In the past, contact centers were designed to serve as many customers as quickly as possible. While that’s still true, increased competition and empowered customers are also pushing customer service associates to be better informed and empathetic. Simply put, contact centers need to deliver more human experiences.
But what does it mean to provide a human experience? A human experience means tailoring an experience to meet the customer’s expectations and needs versus being purely profit-driven. The contact center is a prime area to implement this approach.
As the vice president and general manager of TTEC Canada Solutions, I help clients understand that customer service is more than a cost center—it’s an opportunity to uncover customer insights and differentiate brands. Every phone call, email, text or online chat is an opportunity to convert a satisfied customer into a loyal customer (and ultimately drive revenue). And the industry is evolving every day.
Companies must understand their customers’ expectations and behavior. And in today’s always on, hyper-connected world, consumers expect brands to let them move seamlessly across channels at their convenience. A customer, for example, might initiate a query on the company’s self-service or FAQ section, do further research on the company website, and finally speak with a representative for clarification.
Companies know that they need to have the infrastructure in place to accommodate this type of omnichannel customer behavior. For example, when a customer searches the company website, it’s common for a “click to call” message to pop up with a unique phone number to connect with a representative. The phone number enables the representative to identify the caller’s online history and immediately understand the context of the call. It improves the quality and effectiveness of the interaction on both sides.
Such connections between channels are becoming more common. But it’s only going to get more complicated. Case in point: The Internet of Things. The IoT is a catalyst for change by enabling unprecedented connections between devices and applications. Companies will need to invest in more efficient tools and strategies to keep up with an ever-expanding constellation of customer touchpoints. Not all companies, though, are able to create their own data science team or purchase the latest data integration tools to consolidate and manage all of those data points. Therefore, expect more businesses to look to external partners to help fill in the gaps.

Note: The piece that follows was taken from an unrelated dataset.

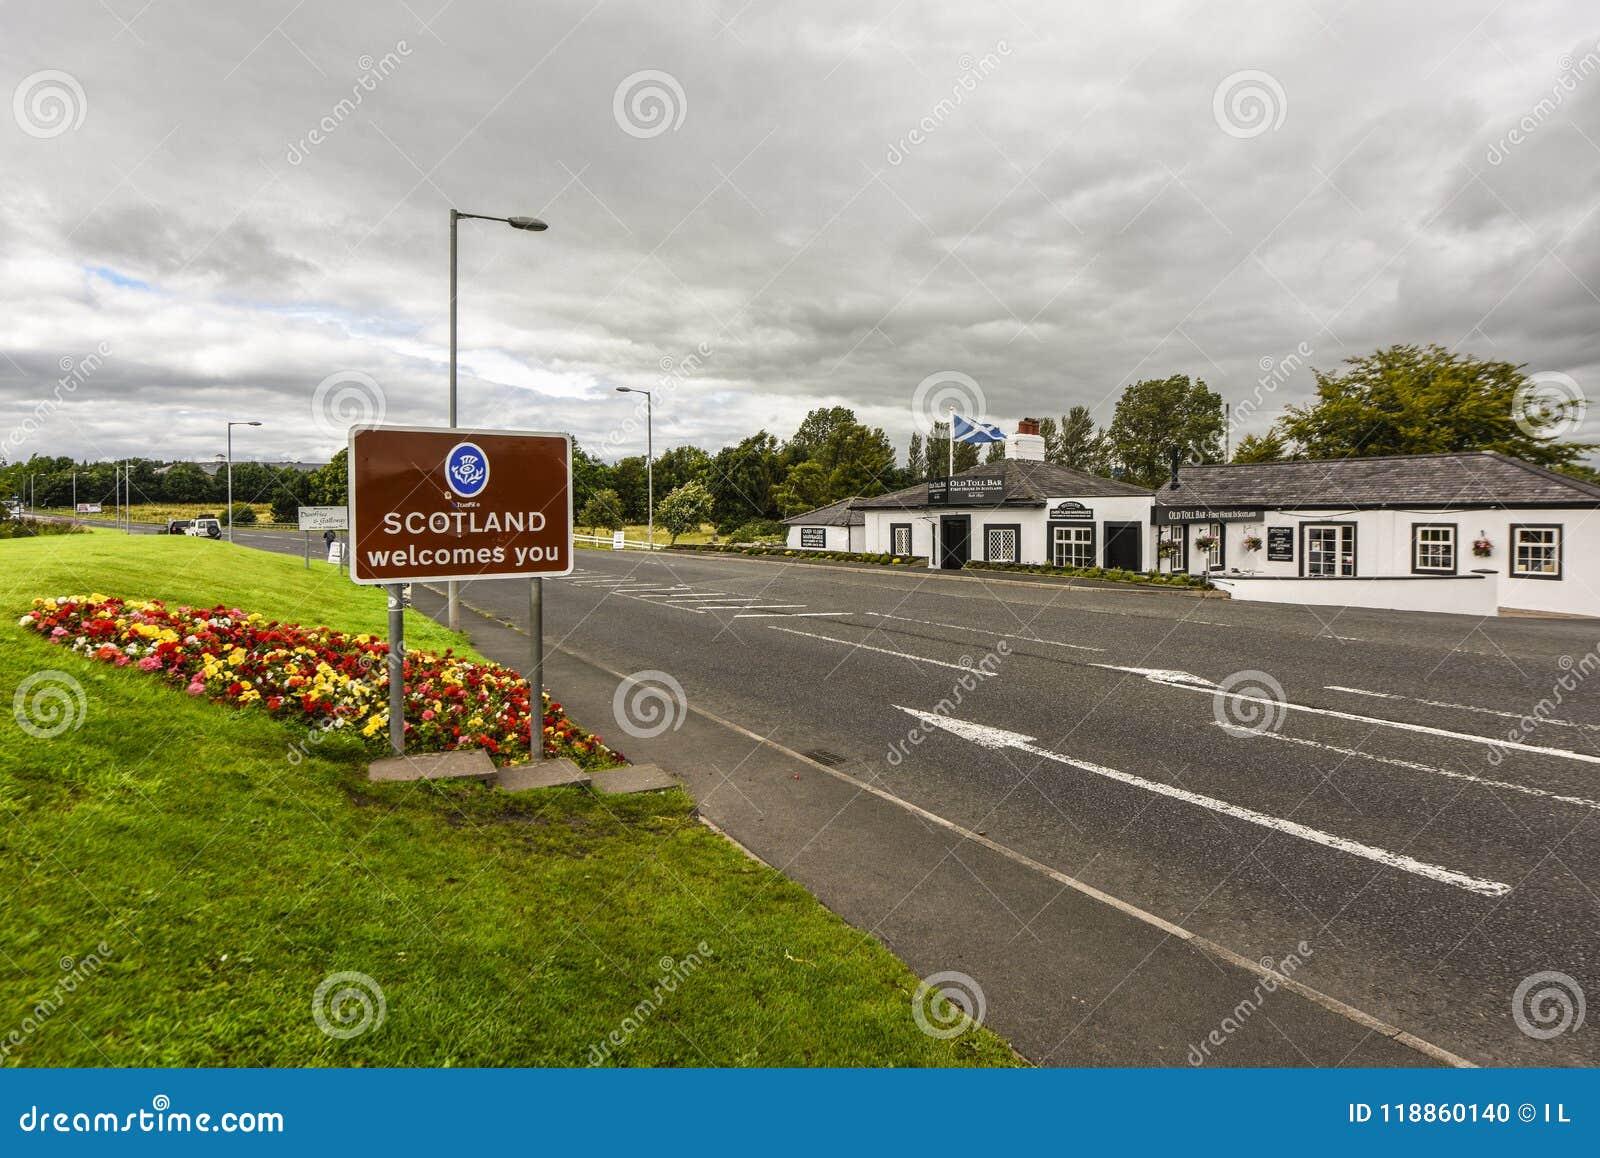 La frontera a Escocia con el ` Escocia de la muestra le acoge con satisfacción `, en el camino en Gran Bretaña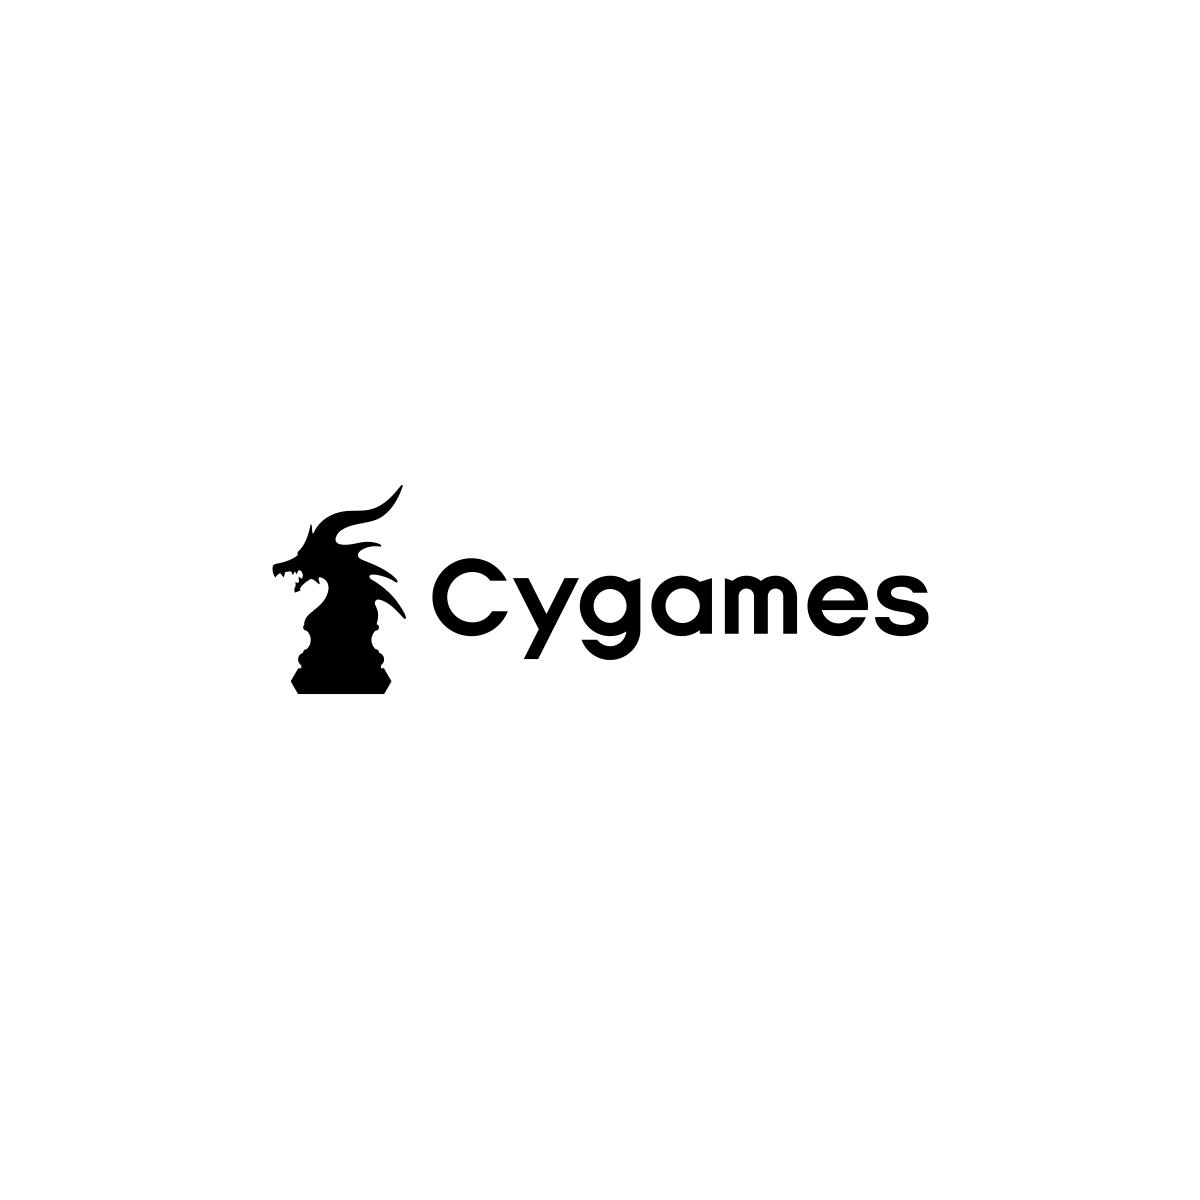 Cygamesのソシャゲタイトルで一番好きなゲームはどれ?【アンケート】   ねとらぼ調査隊

Mapping the way to the future
Journey mapping allows companies to track and identify areas of the customer experience that need improvement. For example, we worked with a telecommunications client who had received numerous complaints about technicians who were either late or missing customer appointments. By helping the company create a journey map, we discovered that a large number of service tickets were missing essential data or were misdirected and slowing down the dispatch system. Identifying the holes in the customer journey enabled the company to find a solution sooner and increase customer satisfaction. While this was a relatively straightforward problem, the company already has the foundation to add additional touchpoints to its journey map as the business continues to grow.
Labor changes ahead
Labor innovations is another key trend. As the minimum wage rises, companies are increasingly looking to automated solutions to offset costs. Ontario’s decision, for example, to increase its minimum wage to $15 an hour by 2019 has spurred reports of employers considering replacing workers with machines. In fact, Canada could lose up to 7.5 million jobs to automation over the next 10 to 15 years, according to a think tank at the University of Toronto.
At the same time, chatbots and other self-service channels are not a direct replacement for human interactions. Human associates are still needed to solve unique and unpredictable problems. Empathy training and empowering associates with more autonomy will therefore become important as employees are faced with situations that can’t be handled at the frontlines by a chatbot. It’s also possible that these changes will create a more rewarding experience for employees as they receive fewer repetitive tasks and can focus on connecting with customers.
The confluence of technology and changing customer behavior presents companies with new opportunities and challenges to better serve their customers. Businesses that implement changes that are not customer centric may do well for a while, but will quickly be overtaken. The companies that understand customers simply want to be treated as humans and figure out how to do that effectively and efficiently will be the ones that thrive.